Mr HUNT (Gwydir) - The Opposition has taken the position that the structure of the schools commission as outlined by the Bill does not meet the expressed intention and a professed principle of the Prime Minister (Mr Whitlam) and the Minister for Education (Mr Beazley). What the amendments serve to do is to enlarge the membership of the Commission from a maximum of 12 to 15 and to provide wider representation of the community which is affected by the Bill. Indeed, this amendment is in line with the written policy of the Australian Labor Party. In his policy speech last year, on the section dealing with 'Schools', the Prime Minister said:

A Federal Labor Government will: . . .

(3)   Allocate the increased grants for 1974 and sub sequent years on the basis of recommendations prepared and published by the expert schools commission which will include persons familiar with and representative of-

The words 'representative of are the key to our position in regard to this amendment - the State departments, the Catholic system and the teaching profession.

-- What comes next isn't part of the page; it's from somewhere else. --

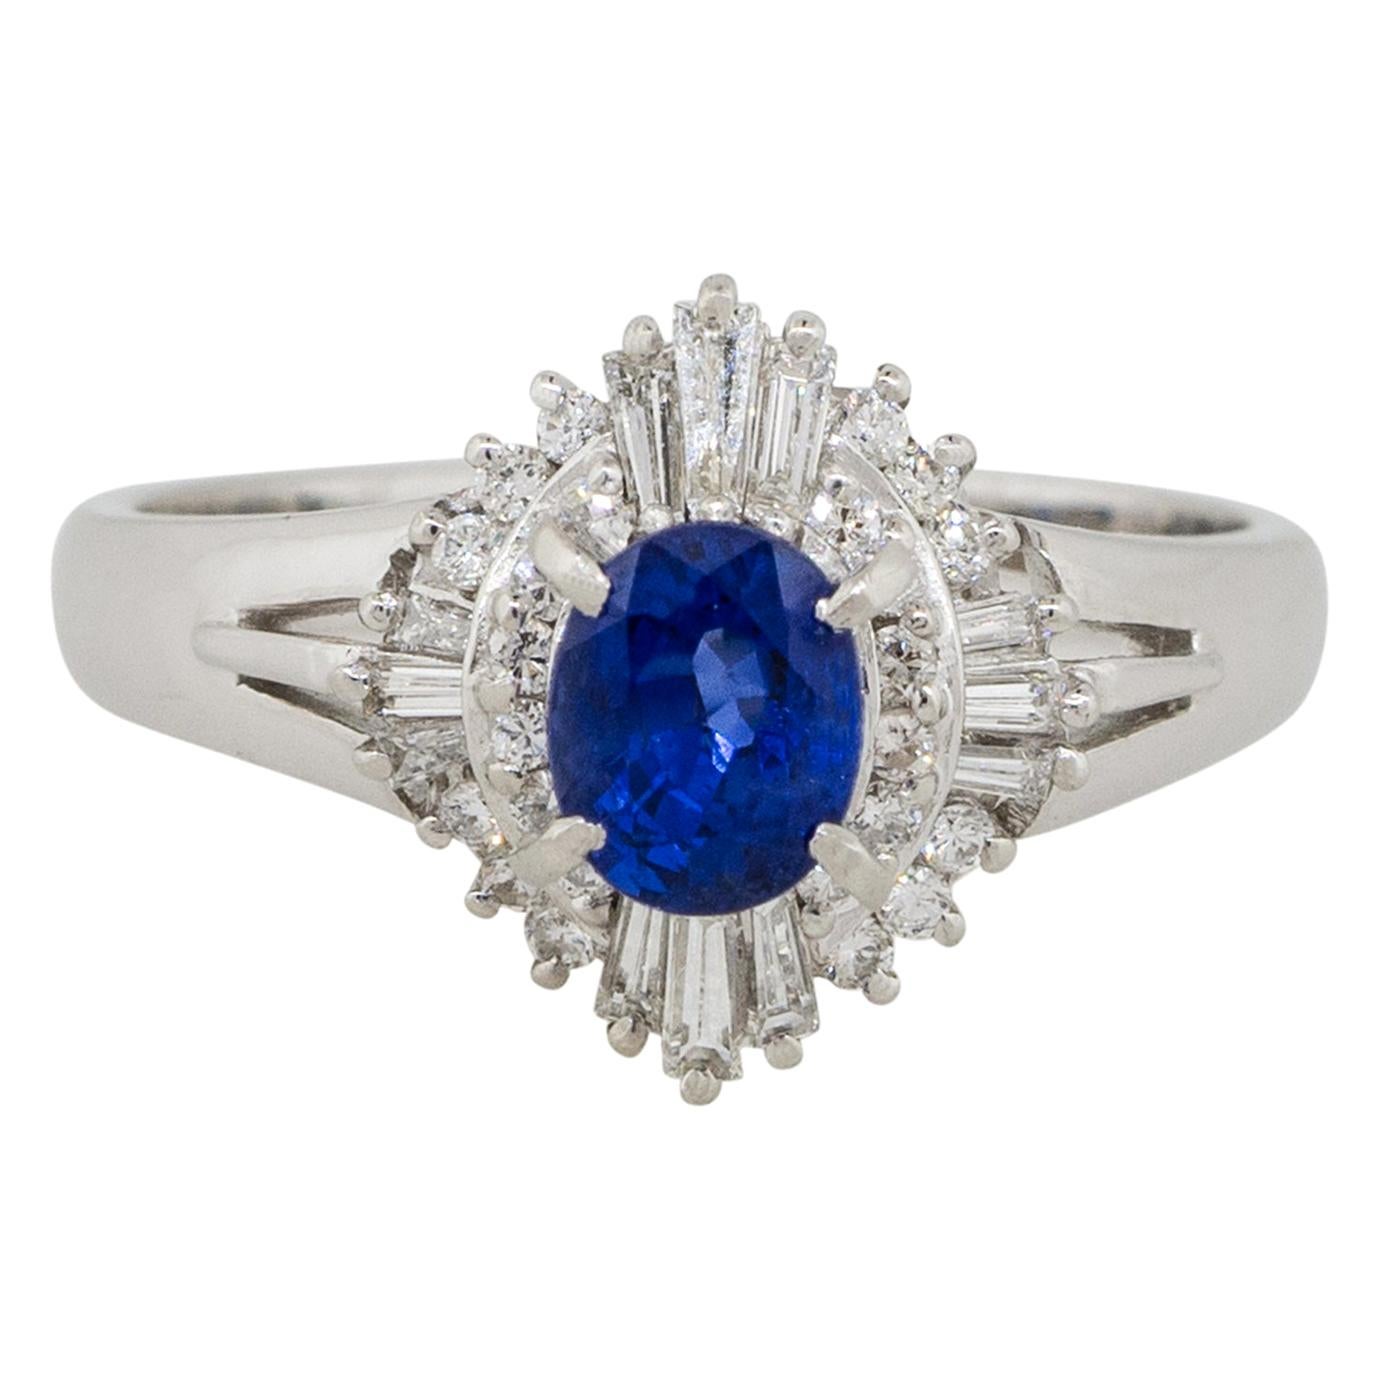 0.88 Carat Oval Sapphire Center Diamond Cocktail Ring Platinum in Stock For Sale

But where in the Bill does the Government give legislative endorsement to this position? The extraordinary reaction of the Acting Minister for Education, the PostmasterGeneral (Mr Lionel Bowen) and the Government which indicate that it cannot live with these amendments leads one to the conclusion that the Government does not want an independent commission representative of the State departments, the Catholic system and the teaching profession.

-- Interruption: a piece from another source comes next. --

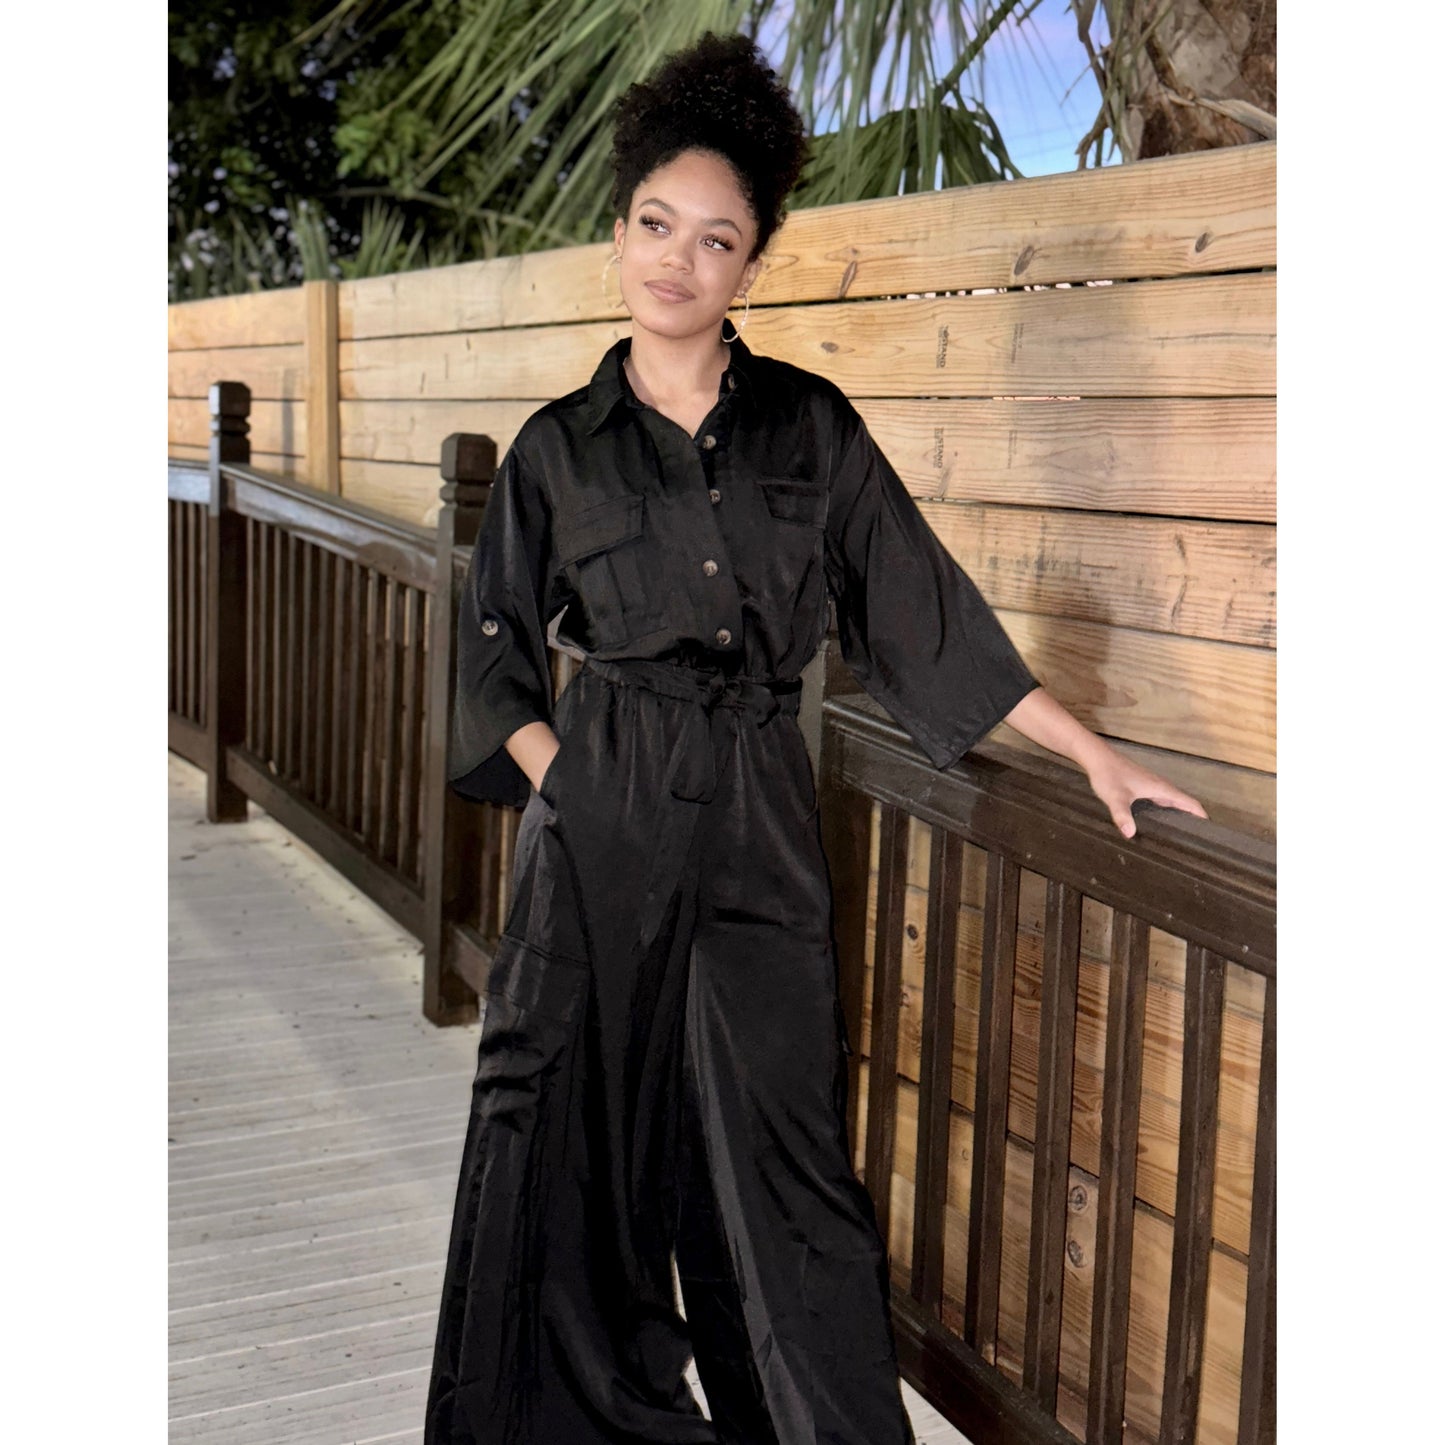 Everyday Chic jumpsuit

We have reason to believe that the Minister has already promised certain people that they will get a guernsey on the Commission. Undoubtedly this is true. But members of the Commission should be selected according to the criteria which are contained in the Opposition's amendments. But unless these requirements are mandatory on future Ministers of Education, indeed on future governments, can we be sure that a schools commission will have the crosssectional community representation that is described in the Opposition's amendments? At the moment the Minister or the government of the day appoints all commissions. How then can such a commission be called or deemed to be an independent body of the people? If people who are appointed depend entirely on the Minister for re-appointment and if they do not behave themselves and do not do what the Minister says, will they be independent in a real sense? In any event, governments tend to appoint to such positions people who are prepared 'to play ball'.

The Opposition, in suggesting these Senate amendments, is seeking to ensure that the spirit of the Prime Minister's statement is actually carried into effect. They will ensure that all future Ministers will be under mandatory obligation to appoint a chairman and 3 other members, one of whom will be involved in research into education. Four members will be appointed on the recommendation of the Australian Education Council - of which the Australian Minister for Education is in fact Chairman - one of whom will be involved with the education of handicapped children or children with specific learning difficulties. Three other members will be appointed as recommended by the Episcopal Conference of Australia, the National Council of Independent Schools and the Australian Parents' Council. Two appointees will be those recommended by the Australian Teachers' Federation. The Opposition writes this requirement into the Bill. The idea is to have it inscribed so that the Teachers' Federation will have the mandatory right to ensure that it will have representation on the Schools Commission. Two representatives will be from the Australian Council of School Organisations. Such a commission would be independent, flexible and responsive to the community requirements.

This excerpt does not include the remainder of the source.